Measurements of blackbody radiation-induced transition rates between high-lying S, P and D Rydberg levels

TL;DR

This study experimentally measures blackbody radiation-induced transition rates between high-lying Rydberg states in rubidium atoms, revealing deviations from theory likely due to the cell environment, and suggests external cavities can control these transitions.

Contribution

It provides the first detailed experimental data on blackbody-induced transition rates in high-lying Rydberg states and demonstrates a method to control these transitions using external microwave cavities.

Findings

Measured transition rates show significant deviations from theoretical predictions.

Introducing external microwave cavities can potentially suppress blackbody radiation effects.
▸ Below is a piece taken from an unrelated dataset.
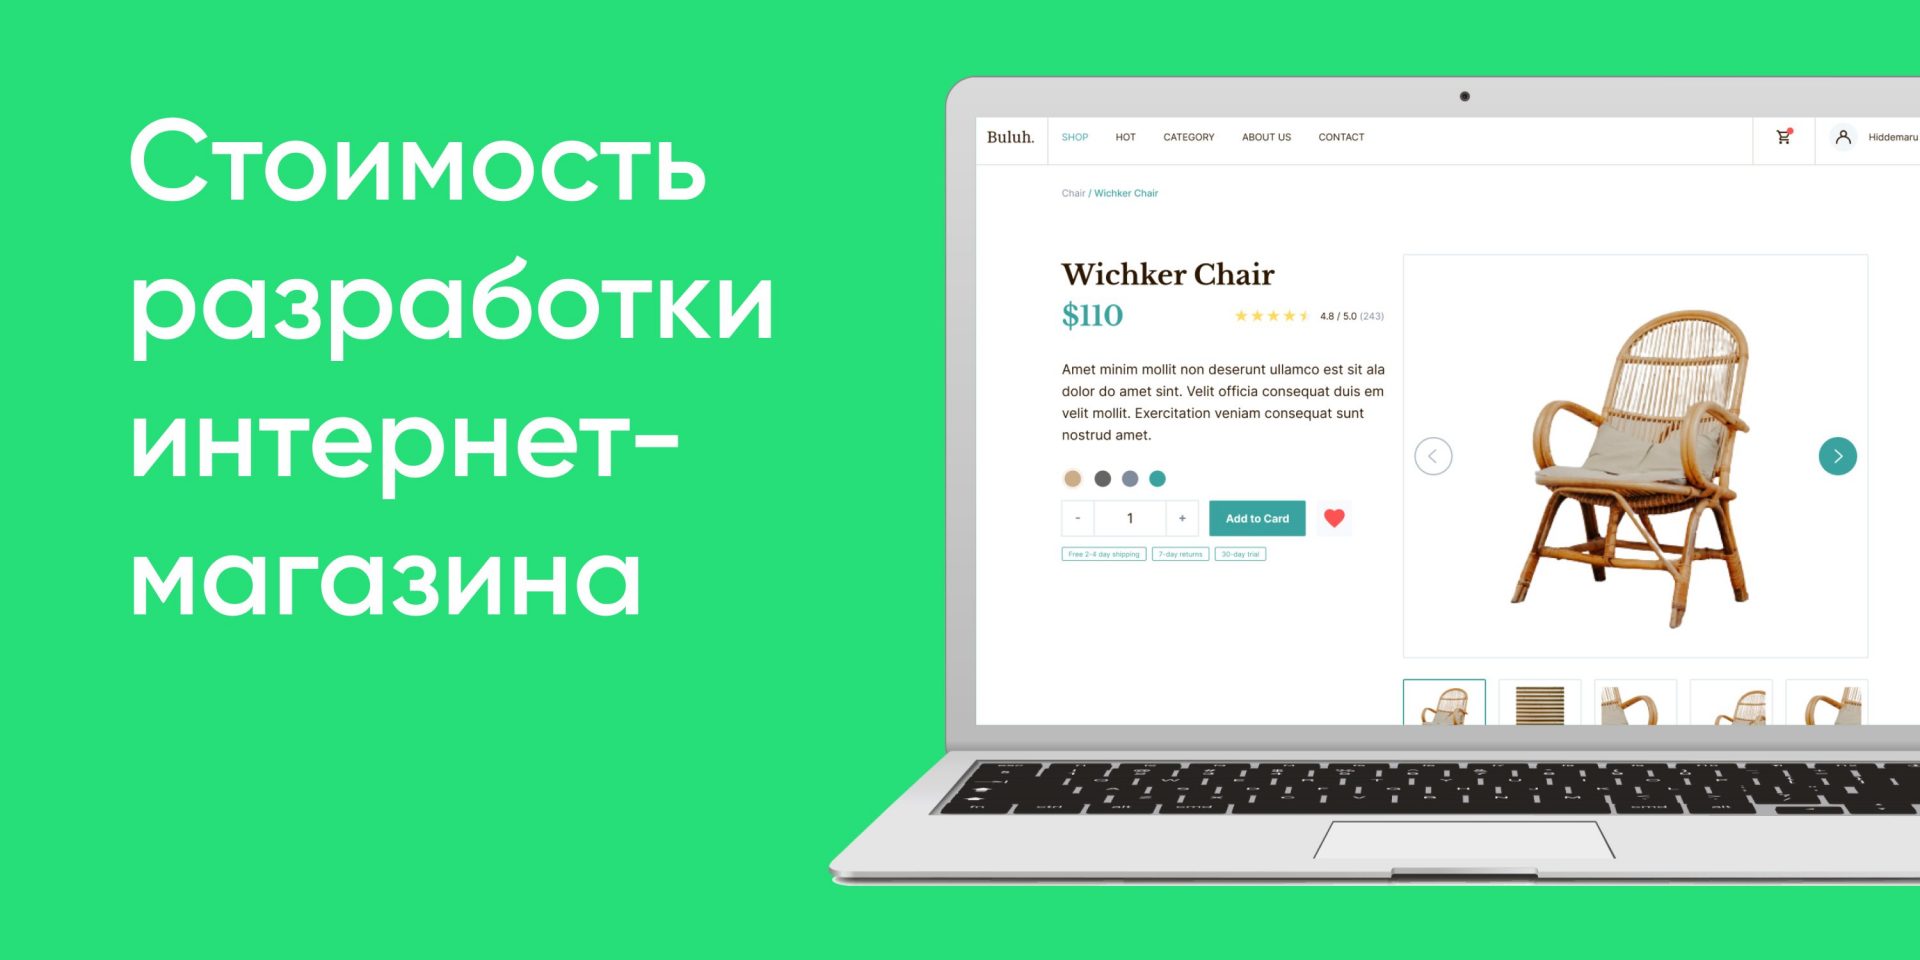 Анализ и разработка контент-стратегии Вконтакте 12

Results suggest environmental factors inside the cell influence Rydberg state transitions.

Abstract

We report experimental measurements of the rates of blackbody radiation-induced transitions between high-lying (n>60) S, P and D Rydberg levels of rubidium atoms in a magneto-optical trap using a hybrid field ionization and state-selective depumping technique. Our results reveal significant deviations of the measured transition rates from theory for well-defined ranges of the principal quantum number. We assume that the most likely cause for those deviations is a modified blackbody spectrum inside the glass cell in which the magneto-optical trap is formed, and we test this assumption by installing electrodes to create an additional microwave cavity around the cell. From the results we conclude that it should be possible to use such external cavities to control and suppress the blackbody radiation-induced transitions.